2. The article of manufacture of claim 1 wherein said probe finger
structure has a non-linear profile.
3. The article of manufacture of claim 2 wherein said probe finger
structure is configured to act as a spring.
4. The article of manufacture of claim 1 further comprising a
conductive metal coating on said probe finger structure, wherein
said coating is in electrical contact with said probe tip,
5. The article of manufacture of claim 1 wherein said probe tip
comprises a noble metal excluding gold.
6. The article of manufacture of claim 1 wherein said probe tips of
said array of probes are arranged on a grid of less than 50
.mu.m.
7. The article of manufacture of claim 1 wherein said array of
probes is functionally coupled to a space transforming substrate,
for transforming a pitch of said array of probes to a larger
pitch.
8. A method comprising: accessing a bulk material with first and
second substantially parallel faces; forming a probe base on said
first face; forming a probe tip suitable for contacting an
integrated circuit test point on said probe base; mounting said
second face to a carrier wafer; removing portions of said bulk
material to form a probe finger structure coupled to said probe
base and said probe tip; and coating said probe finger structure
with a conductive metal electrically coupled to said probe tip.
9. The method of claim 8 wherein said forming a probe base and said
forming a probe tip comprise photolithography.
10. The method of claim 8 wherein said probe tip comprises rhodium
(Rh).
11. The method of claim 8 wherein said removing comprises deep
reactive ion etching (DRIE).
12. The method of claim 8 wherein said removing comprises wire
electrical discharge machining (wire-EDM).

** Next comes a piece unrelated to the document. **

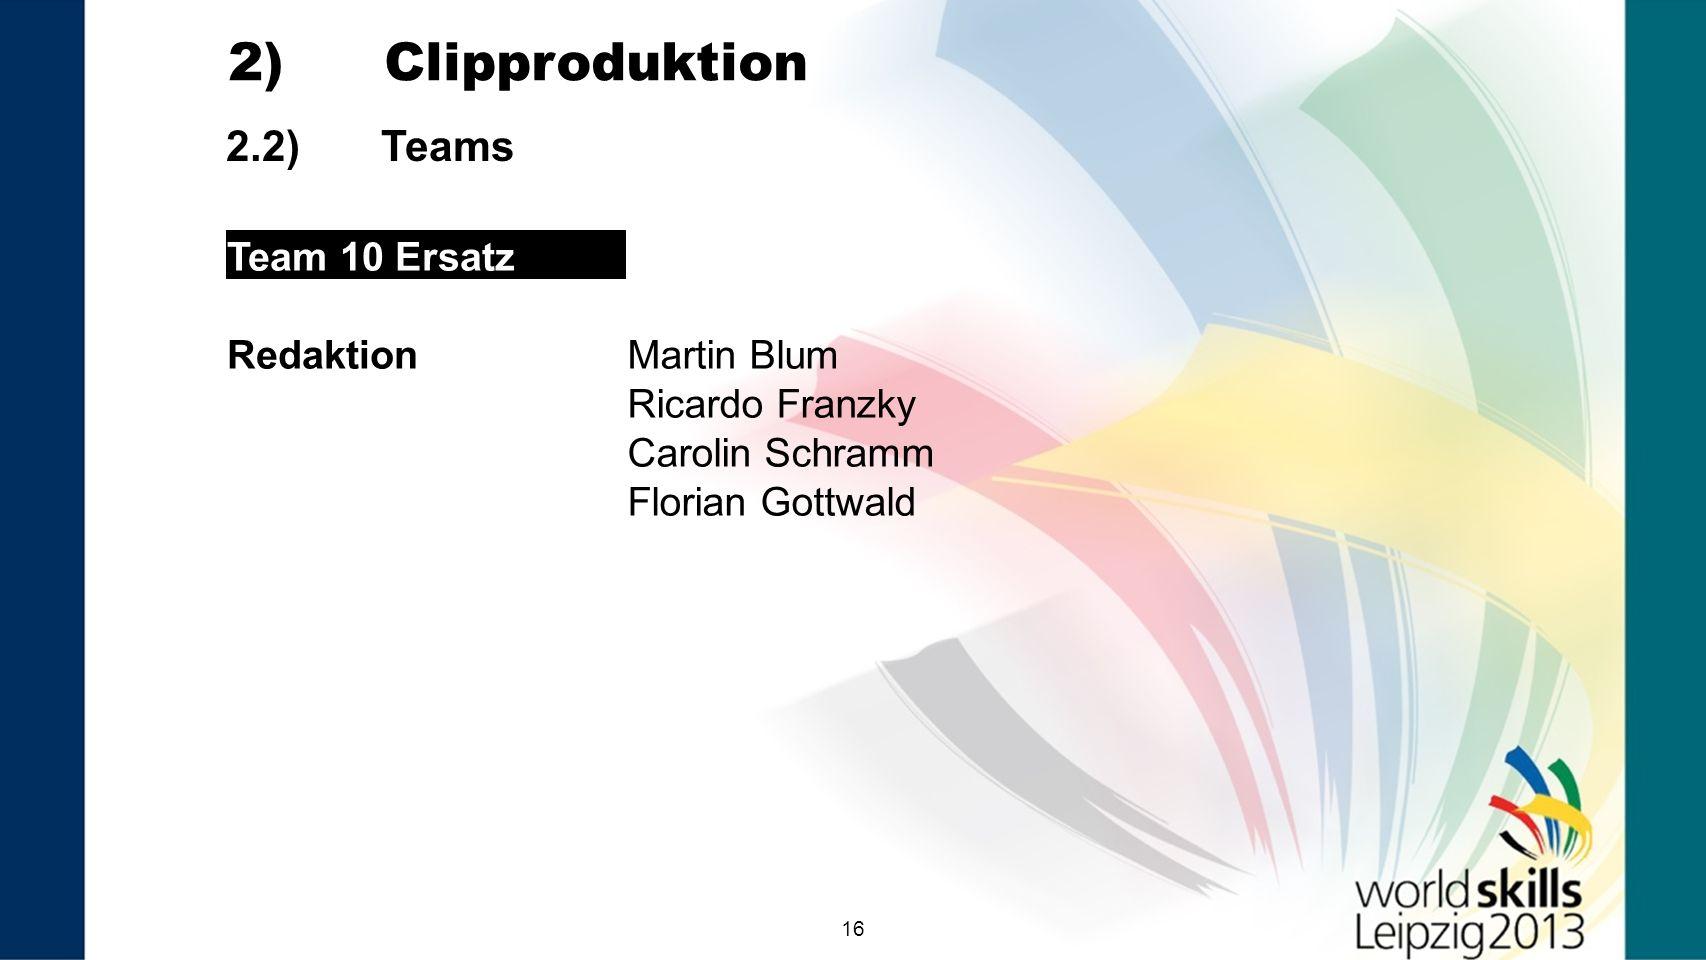 16 2.2) Teams 2) Clipproduktion Team 10 Ersatz RedaktionMartin Blum Ricardo Franzky Carolin Schramm Florian Gottwald Team 9 VNR

13. The method of claim 8 further comprising masking said probe tip
prior to said coating.
14. The method of claim 8 wherein said removing forms a non-linear
probe finger structure.
15. An electronic probe array for testing integrated circuits
comprising: a plurality of individual probes, mechanically coupled
and electrically isolated, wherein each said individual probe
comprises a probe tip functionally coupled to a probe finger
structure, wherein said probe tip is of a different material from
said probe finger structure, wherein said probe tip is configured
for contacting an integrated circuit test point, wherein each probe
finger structure is formed from a same piece of bulk material, and
wherein each said individual probe is coated with conductive
metal.
16. The electronic probe array of claim 15 wherein said probe
finger structure has a non-linear profile.
17. The electronic probe array of claim 15 wherein said probe
finger structure is configured to act as a spring.
18. The electronic probe array of claim 15 further comprising a
space transforming substrate, for transforming a pitch of said
plurality of individual probes to a larger pitch.
19. The electronic probe array of claim 15 wherein said probe tip
comprises a noble metal
20. The electronic probe array of claim 15 wherein two of said
plurality of individual probes are closer than 50 .mu.m from one
another.
Description
RELATED APPLICATION
[0001] This application claims priority to U.S. Provisional Patent
Application 61/607,893, entitled, "A Method to Fabricate Fine Pitch
Probe Arrays Using Silicon," filed 7 Mar. 2012, to Namburi, which
is hereby incorporated herein by reference in its entirety.
FIELD OF INVENTION
[0002] Embodiments of the present invention relate to the field of
integrated circuit design, manufacture and test. More specifically,
embodiments of the present invention relate to systems and methods
for fine pitch probe arrays from bulk material.
BACKGROUND
[0003] Integrated circuit testing generally utilizes fine probes to
make contact with test points of an integrated circuit in order to
inject electrical signals and/or measure electrical parameters of
the integrated circuit. Conventional circuit probes are produced
singly, and manually assembled into an array corresponding to some
or all of the test points on an integrated circuit.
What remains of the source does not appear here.